Neurodegenerative diseases such as Alzheimer's or Parkinson's are characterised by the loss of nerve cells and the deposition of proteins in the brain tissue. A group of researchers led by Gabor G. Kovacs from the Clinical Institute of Neurology at the MedUni Vienna has now demonstrated that Alzheimer's disease does not just – as previously believed – involve the proteins that are attributed to Alzheimer's, but instead the condition can involve a mixture of interacting proteins from different neurodegenerative diseases.
"As a result, Alzheimer's should not be treated in isolation. According to these latest findings, pure, classical Alzheimer's disease, which involves only the attributed proteins tau and amyloid beta, appears not to be the norm," says Kovacs. There is also a varied regional distribution of nerve cell loss and protein deposits between patients which, taken together, have clinical prognostic significance. As a consequence of this, differentiated strategies need to be developed for personalised therapy that takes account of all the interacting factors.
The new treatment concepts which are currently being developed by the MedUni Vienna's neuropathologists, neurobiologists, neurologists, psychiatrists and neuroimaging experts will divide the patients into "sub-groups". Says Kovacs: "The aim is to define these groups very precisely in future in order to be able to offer them personalised treatment."

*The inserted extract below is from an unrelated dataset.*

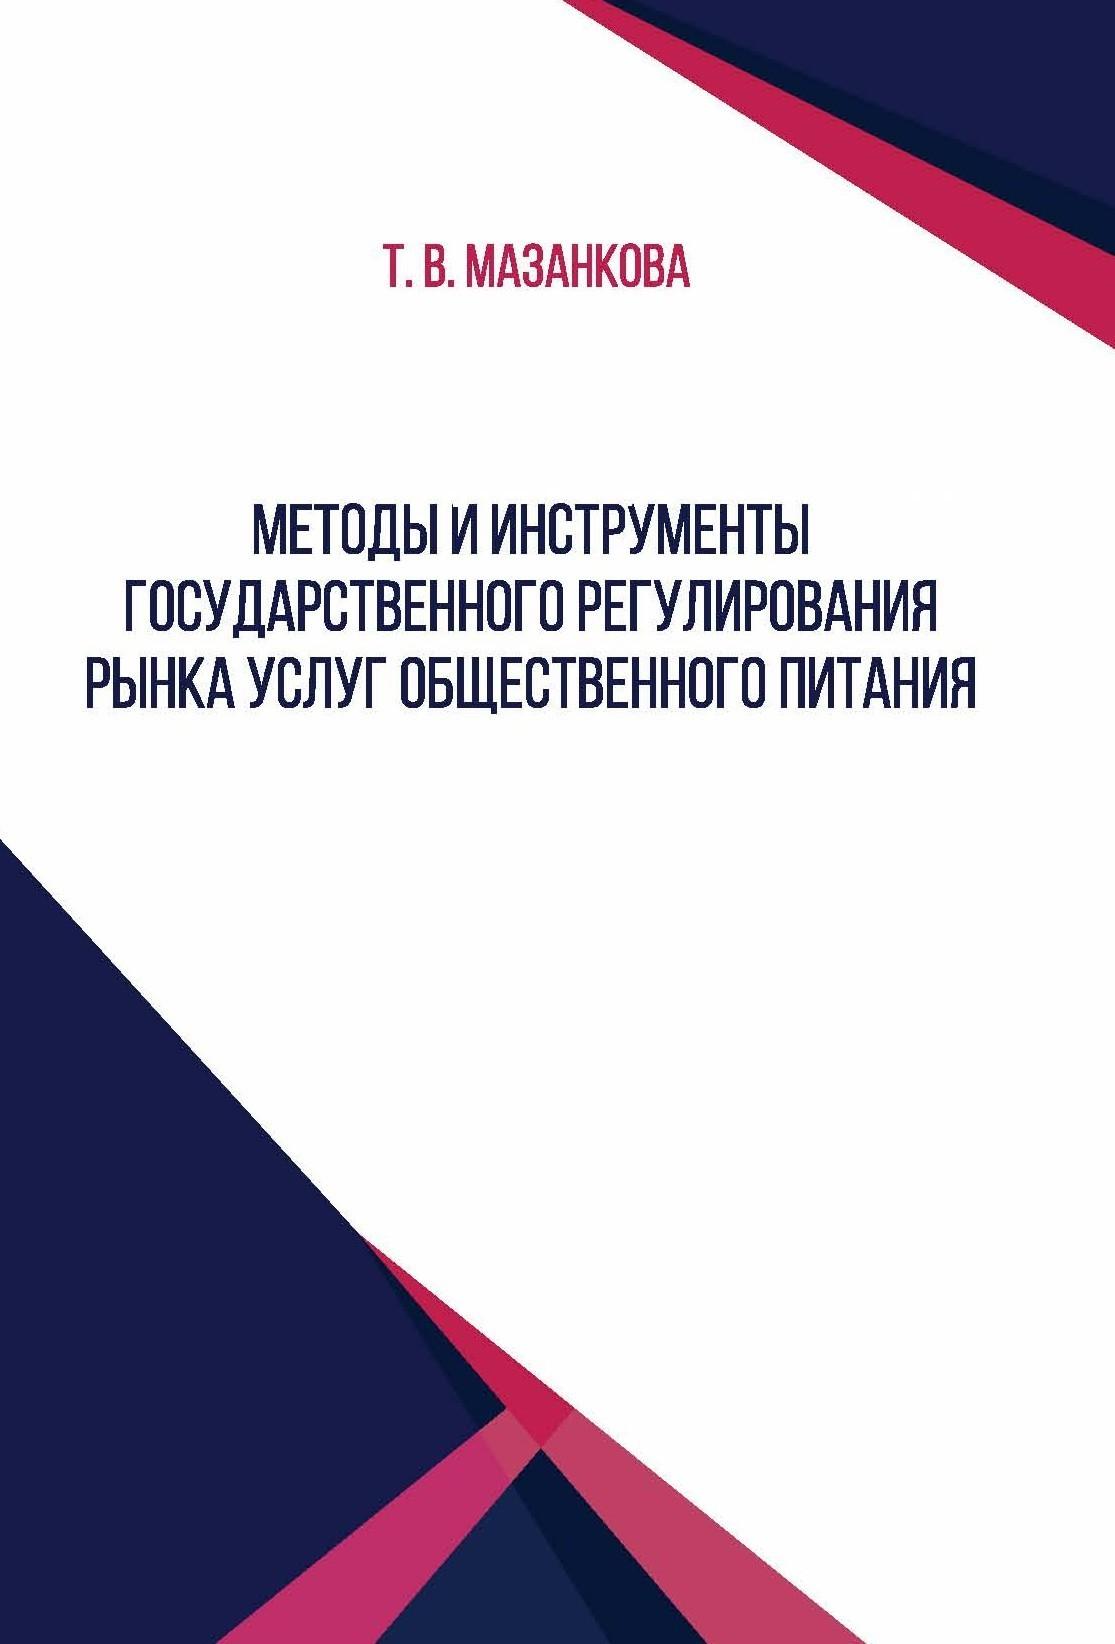 Обложка книги Методы и инструменты государственного регулирования рынка услуг общественного питания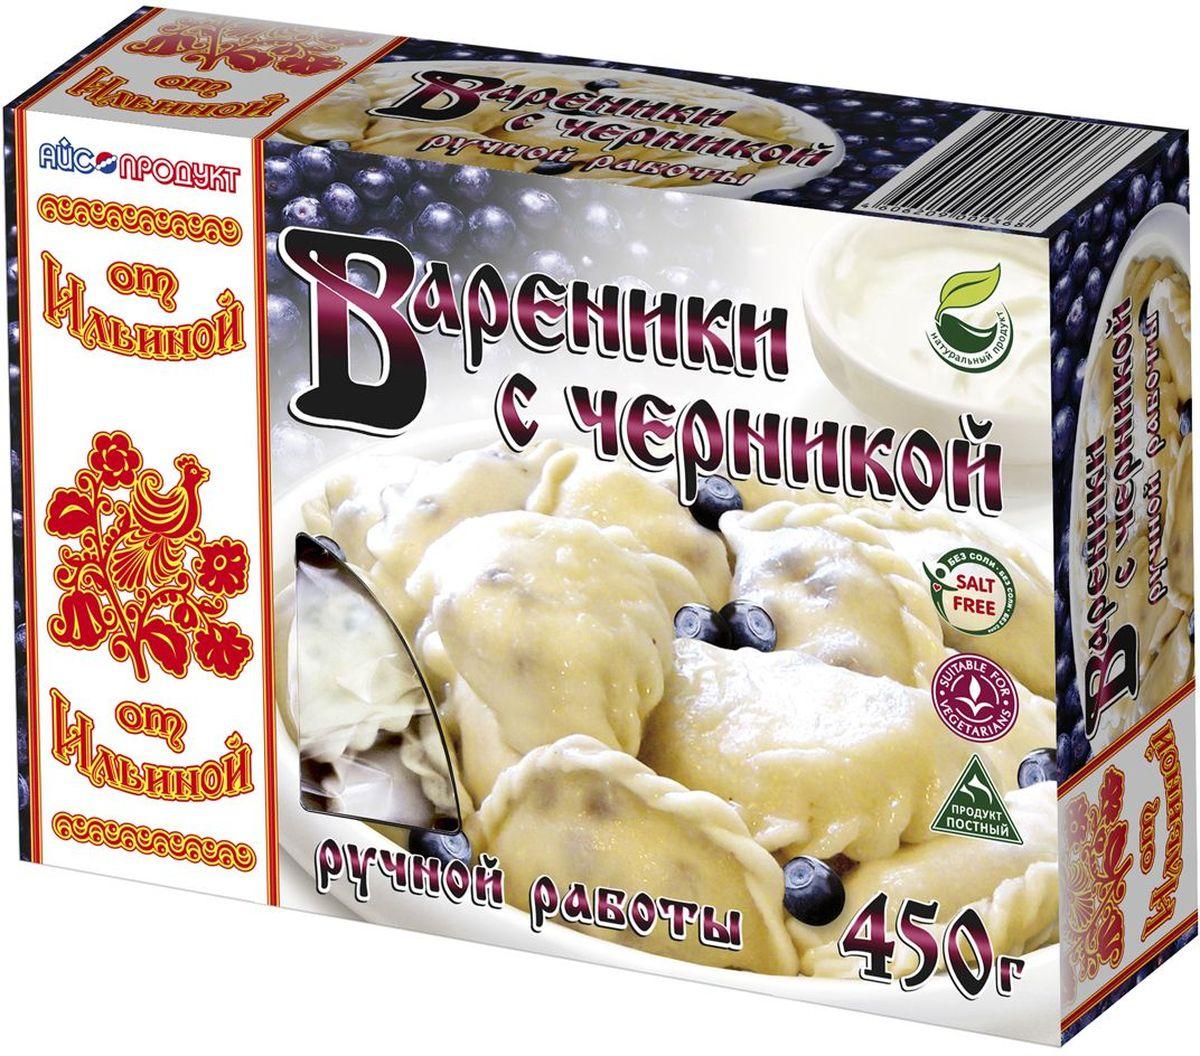 От Ильиной Вареники с черникой, ручной работы, 450 г домашние вареники пельмени лапша лазанья галушки и другие вкусности

Dementia diseases: a growing trend
Around 100,000 Austrians are currently suffering from a dementia-related illness, according to statistics from the Austrian Alzheimer Society. According to estimates, this figure will rise to around 280,000 by 2050 as a result of the increasing age of the general population. Alzheimer's disease is responsible for 60 to 80 per cent of these conditions.
The global Alzheimer's report by "Alzheimer's Disease International" reckons that the prevalence of dementia doubles every 20 years. There are currently around 35 million people worldwide suffering a dementia-related illness. By 2030, their number will rise to 65.7 million and reach as many as 115.4 million by 2050.